(ABOUT THIS EXERCISE):
A word-for-word copy of the following listing is needed. Leave out its images.

(THE DATA):

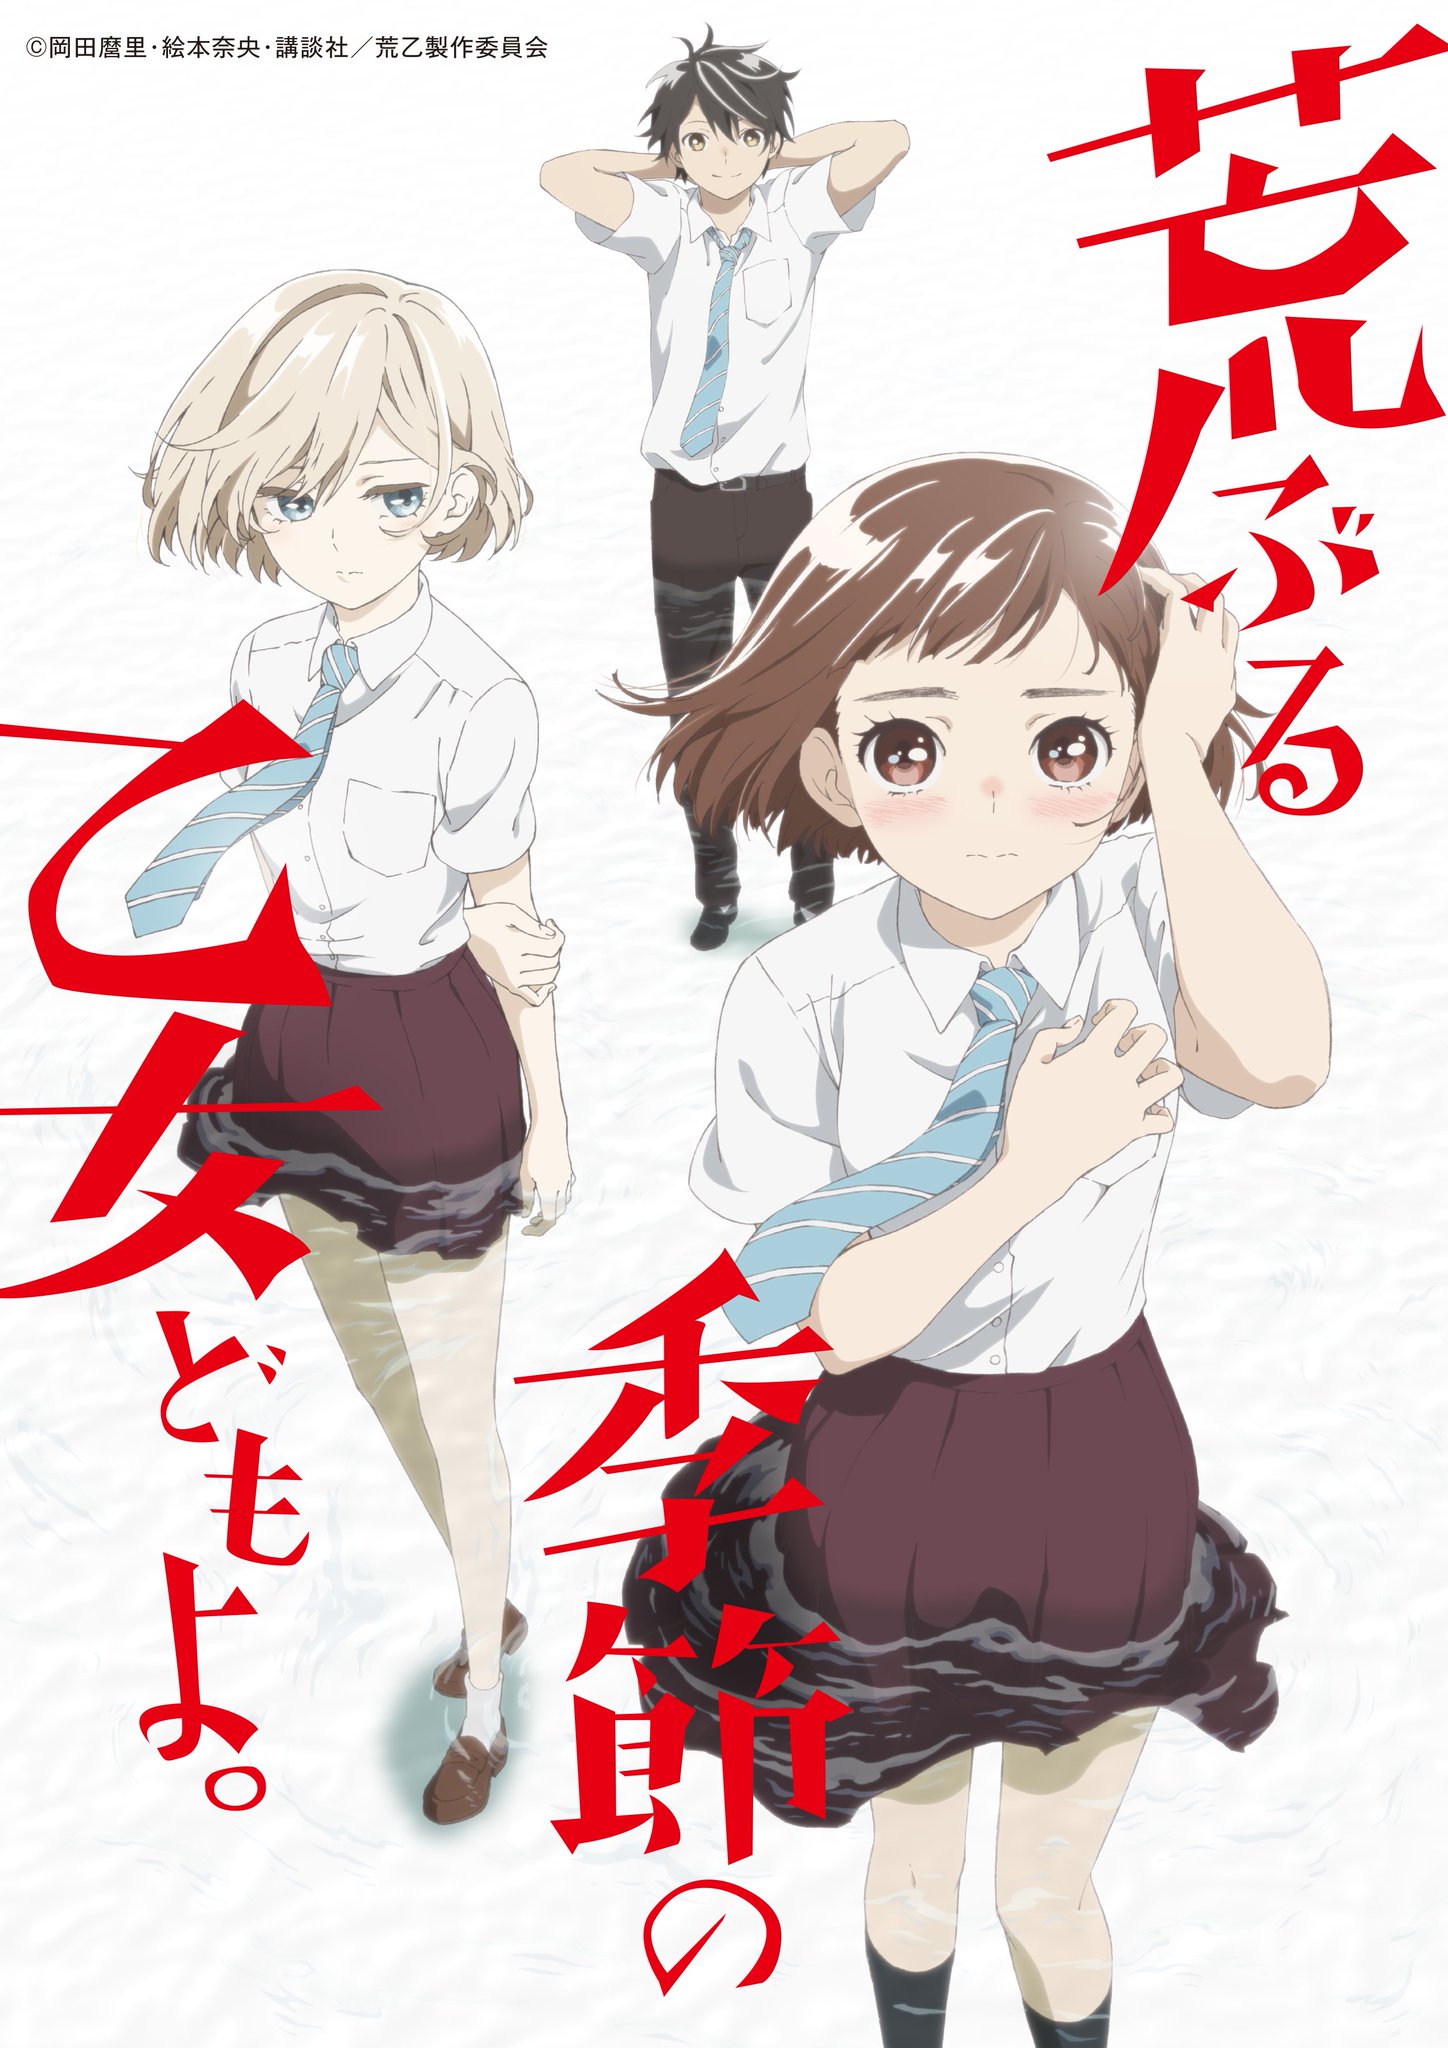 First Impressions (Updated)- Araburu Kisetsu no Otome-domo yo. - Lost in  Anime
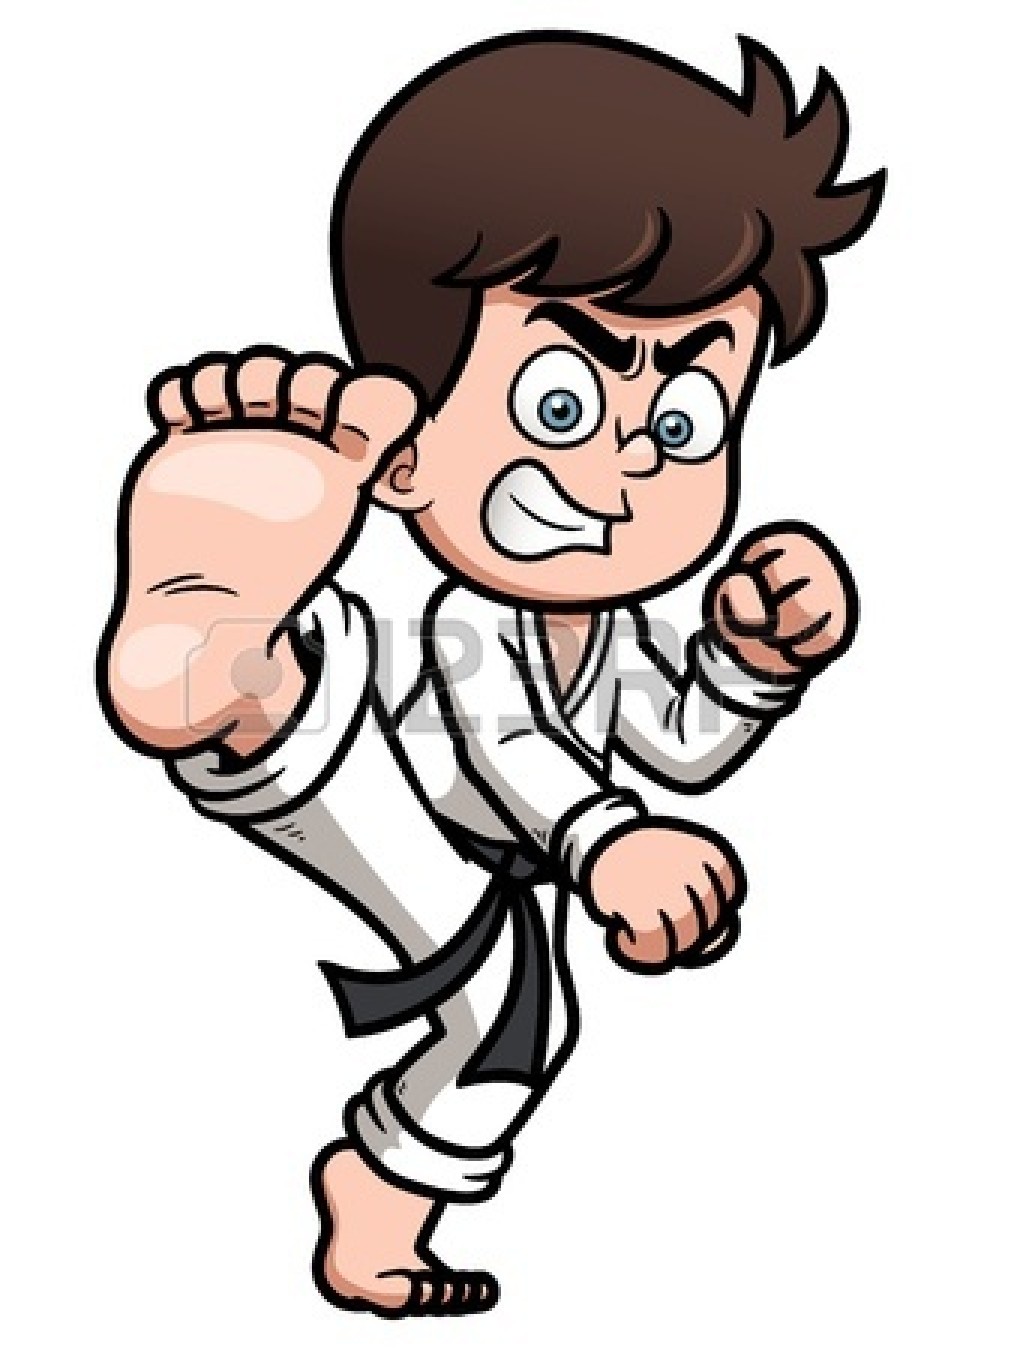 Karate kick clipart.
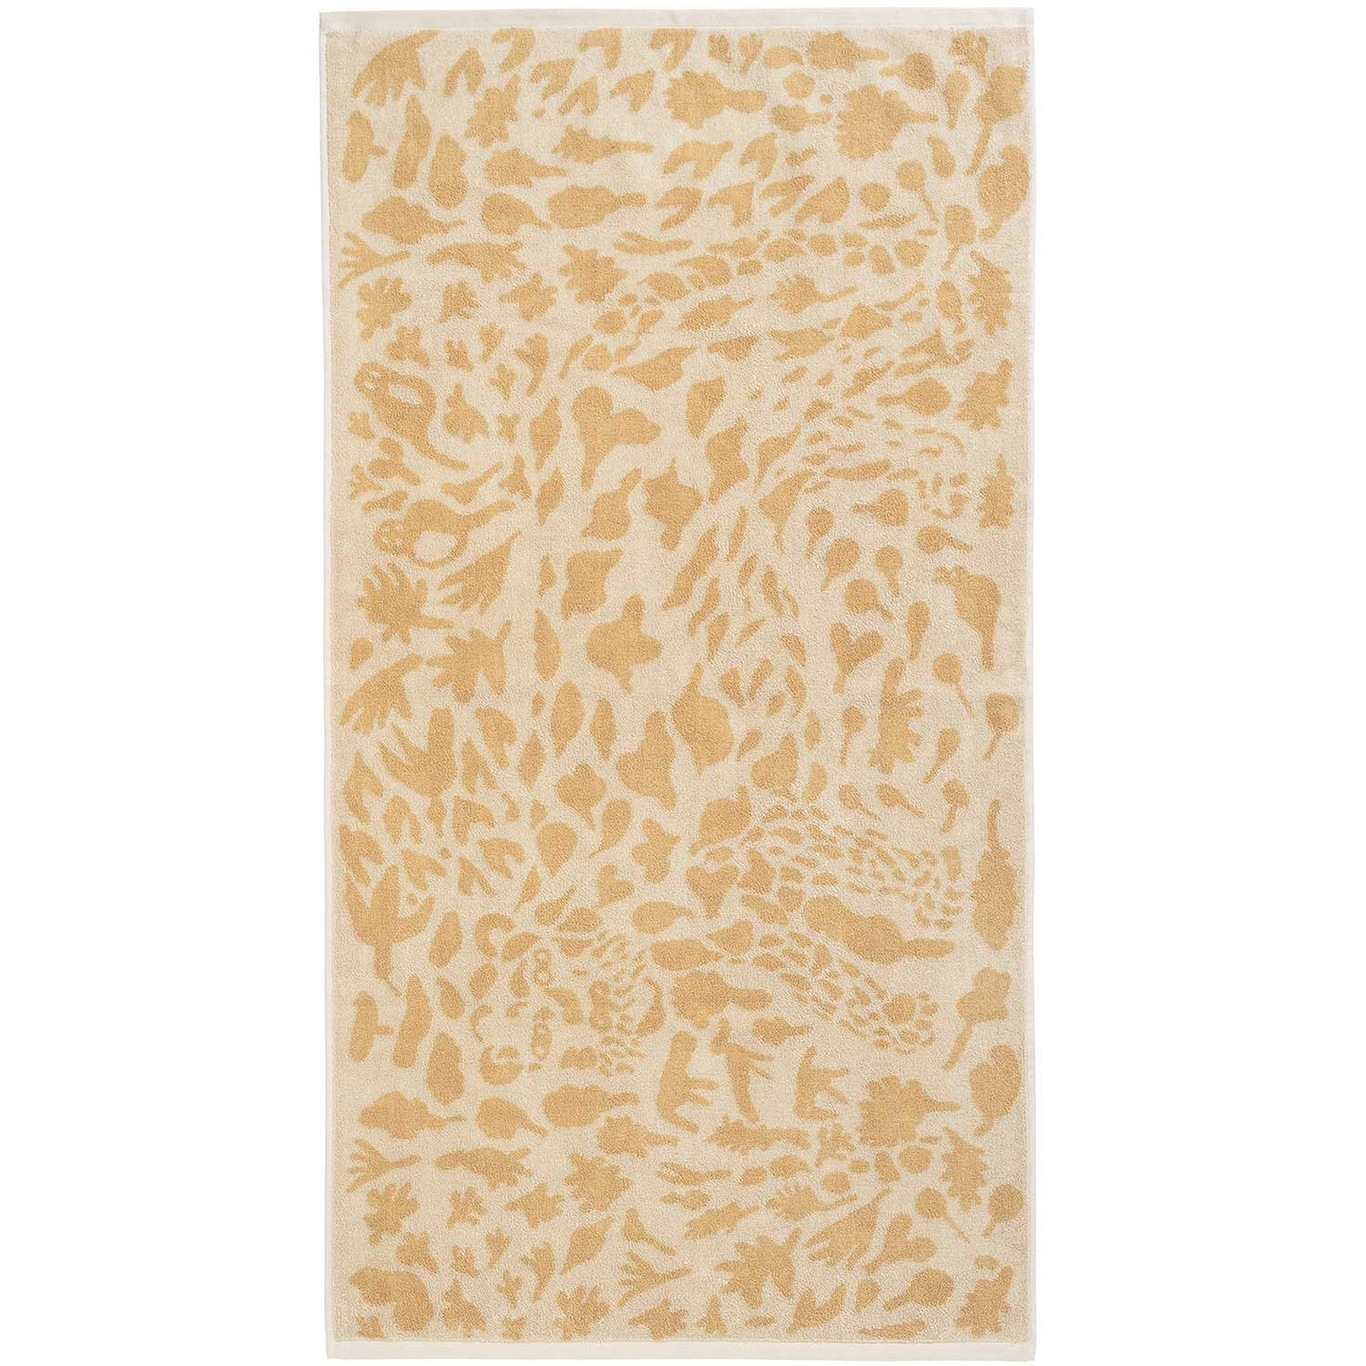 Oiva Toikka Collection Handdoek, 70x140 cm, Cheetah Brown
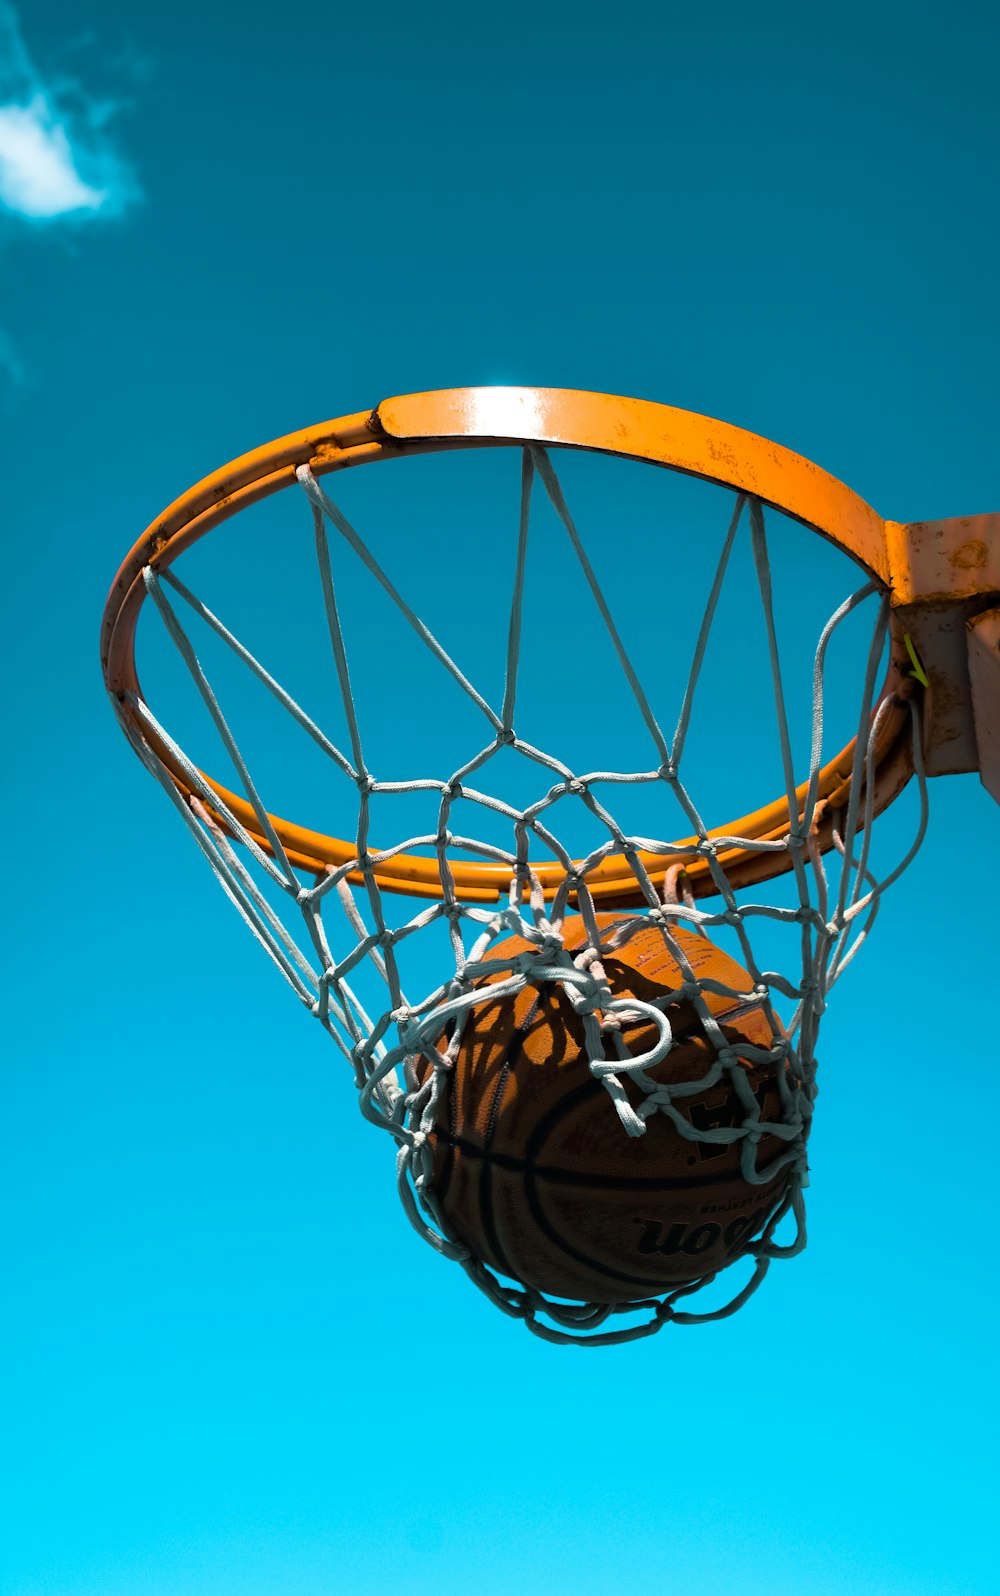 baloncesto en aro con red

(COMPLETED TASK):
 First Impressions (Updated)- Araburu Kisetsu no Otome-domo yo. - Lost in  Anime
 Karate kick clipart.
 Oiva Toikka Collection Handdoek, 70x140 cm, Cheetah Brown
 baloncesto en aro con red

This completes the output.